Starting point is 00:45:38 as essentially forms of converting different modalities of data and kind of serializing them down into a key value store. So every modality is just like a feature of the underlying storage engine. So what has been happening on our side, we thought, oh, cool, let's take a key value store that we love building. And in our case, it's called Udisc. Let's take other key value stores and let's create a shared abstraction. So that's why it was briefly mentioned as

Starting point is 00:46:10 build your database toolkit. So we thought if Redis knows how to abstract away the key value store and kind of add a lot of features on top of it, we can actually do something similar and just give it out to the world for everyone to use it. So essentially you can take any key value store that you like. And if by any chance you love designing associative containers and you code in C++, it's very easy for you to actually build up your own hash table, take this project, which is now called use store and use it as an intermediate representation layer, essentially, or just like a C interface. If you add this C interface on top of your hash table or associative container that would be ordered, you're getting a lot of support for different

Starting point is 00:46:55 forms of data on top of it. And you also get bindings and SDKs for languages like C, C++, Python, as well as Golang and Java that have partial support. And we also had some contributions from the community, people trying to implement Rust bindings around it. So you've briefly mentioned some of the benchmarks and the performance numbers, and I can elaborate on them as well. So in our case,

Starting point is 00:47:22 one thing that really surprised me a few years ago was that I was so focused on AI and compute and high-performance computing, I didn't really think much about storage. And when I just tried to bring up the systems together and kind of compose them into one product or one solution, I still needed some storage. So I took RocksDB, which is an open source key value store by Facebook, which seemingly is the most commonly used database engine today. And whenever there's a new database company, there is a very known zero chance that they're using RocksDB as their underlying engine. So essentially what's happening is the database

Starting point is 00:48:03 is adding its own logic for specific workloads, such as processing graphs in the case of Neo4j. And beneath it, what's happening is that this is all converted into like binary data and is stored at RocksDB or some other key value store. So in reality, at least from my perspective, the absolute majority of work that has to be done is in the key value store layer. This specific example, Neo4j, is like one of my biggest pains because I've been always fond of graphs and graph theory. And Neo4j is kind of synonymous with graph and graph databases by like today. This company has raised $755 million. So their product must be as polished as possible. And they've been around for over a decade. But every single time that I try to run

Starting point is 00:48:54 this database, it crashes with classical Java errors. And as a C++ community, it's almost our obligation to kind of make jokes about the Java runtime and all the garbage collection issues that people face in that land. So I was facing them all the time. There wasn't a case where I would try to put a graph even remotely interesting to me in terms of size and Neo4j wouldn't crash.

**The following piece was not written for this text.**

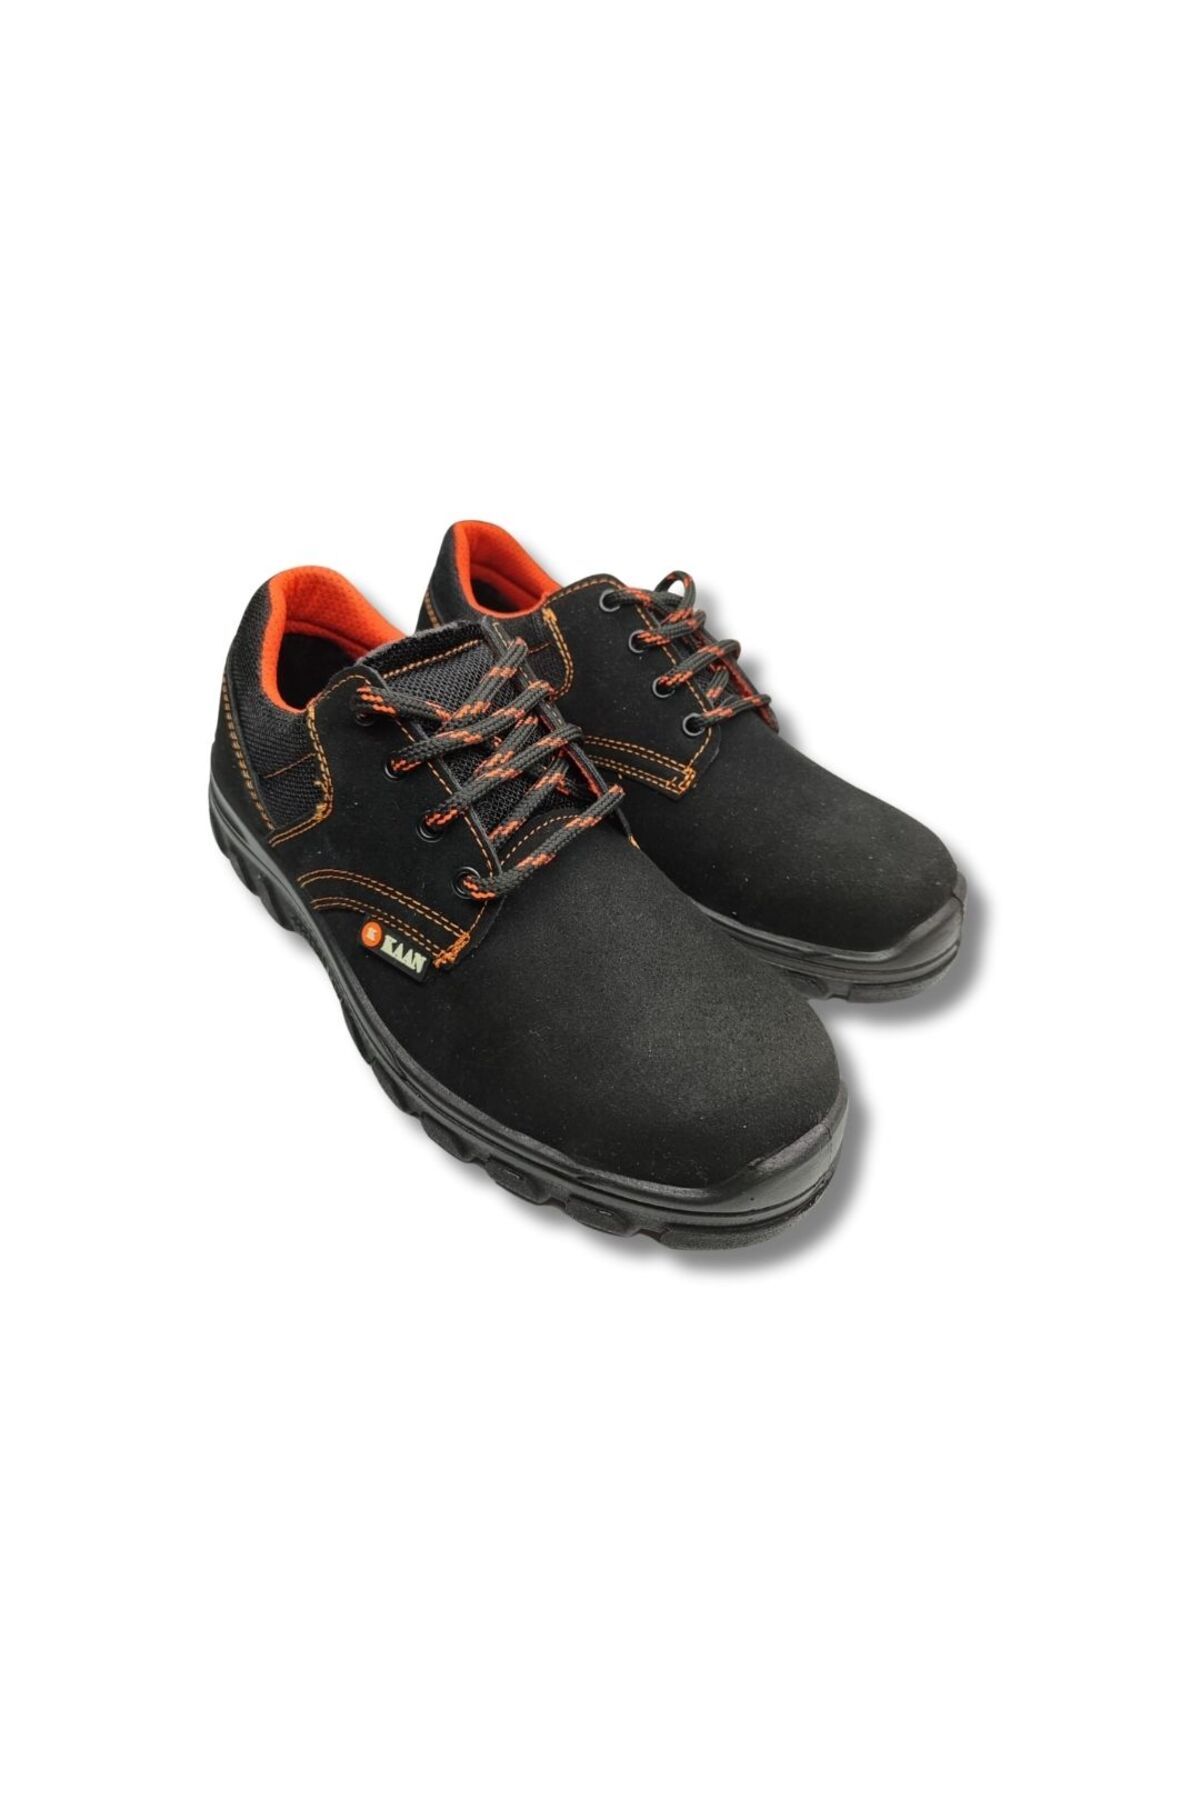 Kaan Çelik Burunlu Bağcıklı İş Ayakkabısı / Siyah

Either I, after 20 years of programming, am so bad that I cannot even start up a database or something is really wrong on their infrastructure level. And something was actually wrong. So until a couple of years ago, they were not using RocksDB.

Starting point is 00:49:34 They had like internal T-value store. And in 2019, they decided that they're kind of switching to RocksDB as a new faster engine. But even before they switched to RocksDB, similar to companies like CockroachDB, YugaByte, and countless other companies, half of which have this premise of let's take Postgres and put Postgres' engine for query execution on top of RocksDB. Even before they started doing this, we realized RocksDB is way too slow for us. So our ambitions were much higher than even the best expectations that other databases had for their future a few years down the road.

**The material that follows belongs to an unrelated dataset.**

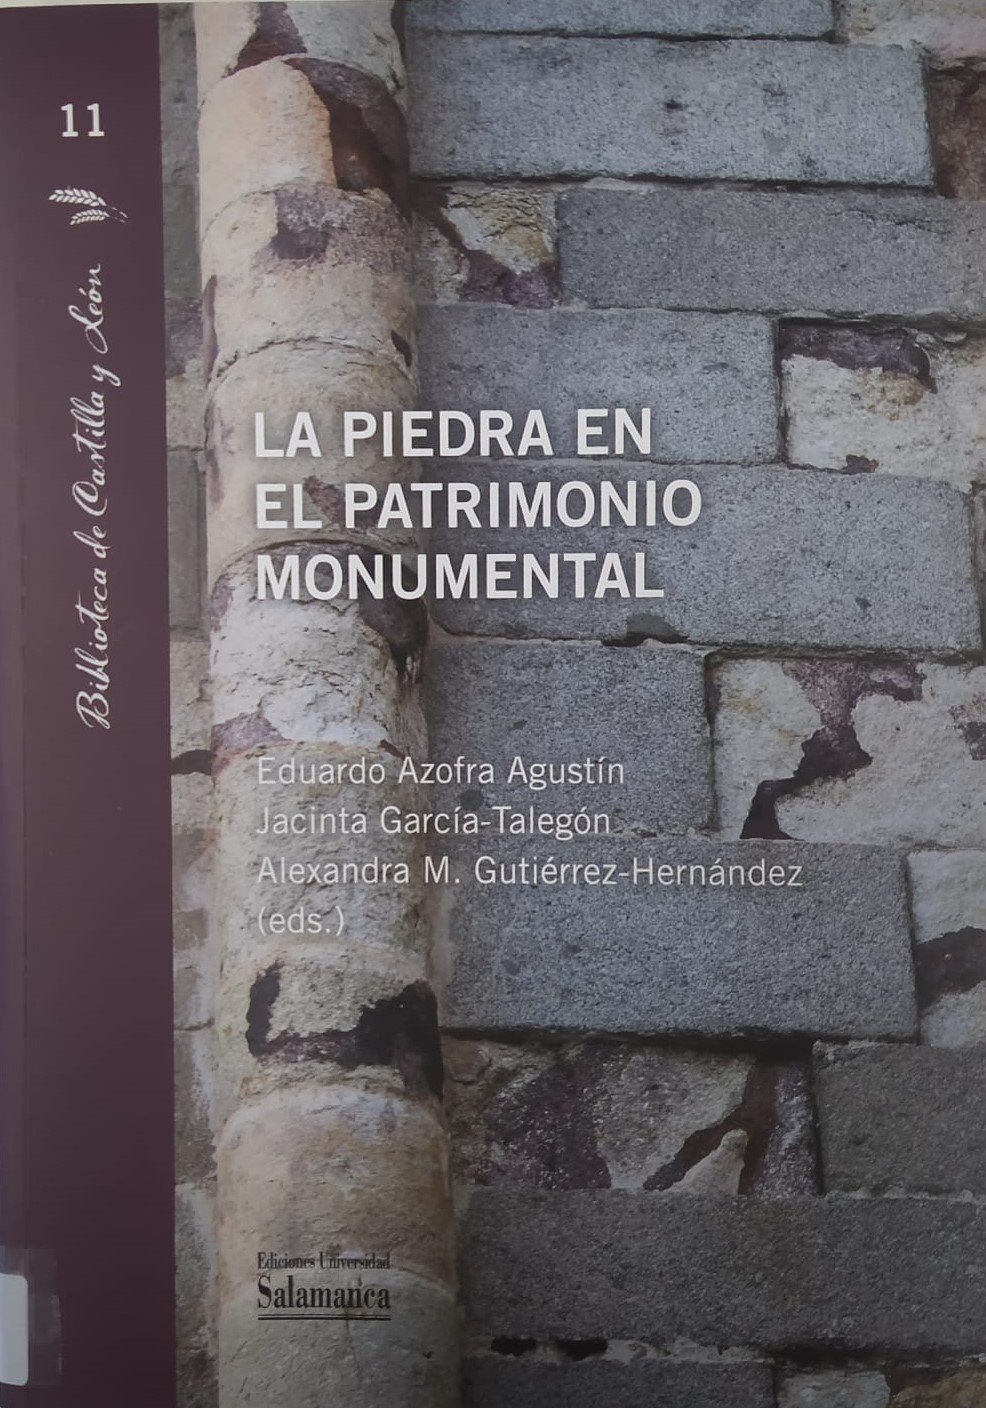 Imagen de portada del libro La piedra en el patrimonio monumental

Starting point is 00:50:12 So we kind of went into the lab. I moved to Armenia with all places. We ordered a bunch of super, super high-end equipment. So we run on the fastest SSDs on earth, 64-core liquid-cooled CPUs, Ampere GPUs. For the last couple of years, we ran on 200-gigabit InfiniBand networking. And we used all the

Starting point is 00:50:34 state-of-the-art hardware to actually push the limits of what software can do. Because when your hardware is so freaking fast, every single bottleneck that remains is on your side, the developer, software developer side.

Starting point is 00:50:47 And what we've done, we've created the key value store that is faster than RocksDB today in almost every single workload. So today, the only workload in which we're just a little bit slower is range scans, but this is relatively easy to fix in the upcoming versions. But in some crucial forms of workloads, such as batch insertions and batch read operations, when you random gather or random scatter tons of information onto persistent memory or from persistent memory, we have five to seven times faster than ROCKSDB, which is a number so absurd. Most companies, especially like smaller startups, didn't believe this is possible. The only companies that kind of realized and were familiar with my prior work in the previous years are generally like super large trillion

Starting point is 00:51:37 dollar plus American tech companies. And they kind of knew some of my proprietary work before that. And when they started testing it last year, they were just shocked that this is even possible. So our database engine can be faster than a file system. And the only company that has ever shown that these numbers are possible was Intel a couple of years ago on their Optane SSDs. They did it using SPDK,

Starting point is 00:52:02 which is a user space driver that they design and maintain. And they reached 10 million operations per second, most likely with 24 SSDs. But this is purely synthetic workload. We've managed to reach 9.5 million operations per second batch reads on our lab setup with Intel people present and validating those numbers on a setup with three times less SSDs and not synthetic read and write operations, but actual database operations. So this was like an incredible milestone last year, a culmination of seven years of my work investments and teaching experience,

Starting point is 00:52:41 I guess. They're very impressive numbers, of course, and I'm definitely going to be trying them out myself to see how they stack up. But I'm sure a lot of people listening will be fascinated by this just as we've been discussing it. But since we are a C++ podcast,

Starting point is 00:52:56 I know you've mentioned the use of C++ in many cases, but is there anything you can say about how you've used C++ to achieve these results? Yeah, sure. So C++ is essentially the only language where I can do this. There is no way around it. I tried other languages. C++ wasn't the first language I used, wasn't the last one that I adopted or tried.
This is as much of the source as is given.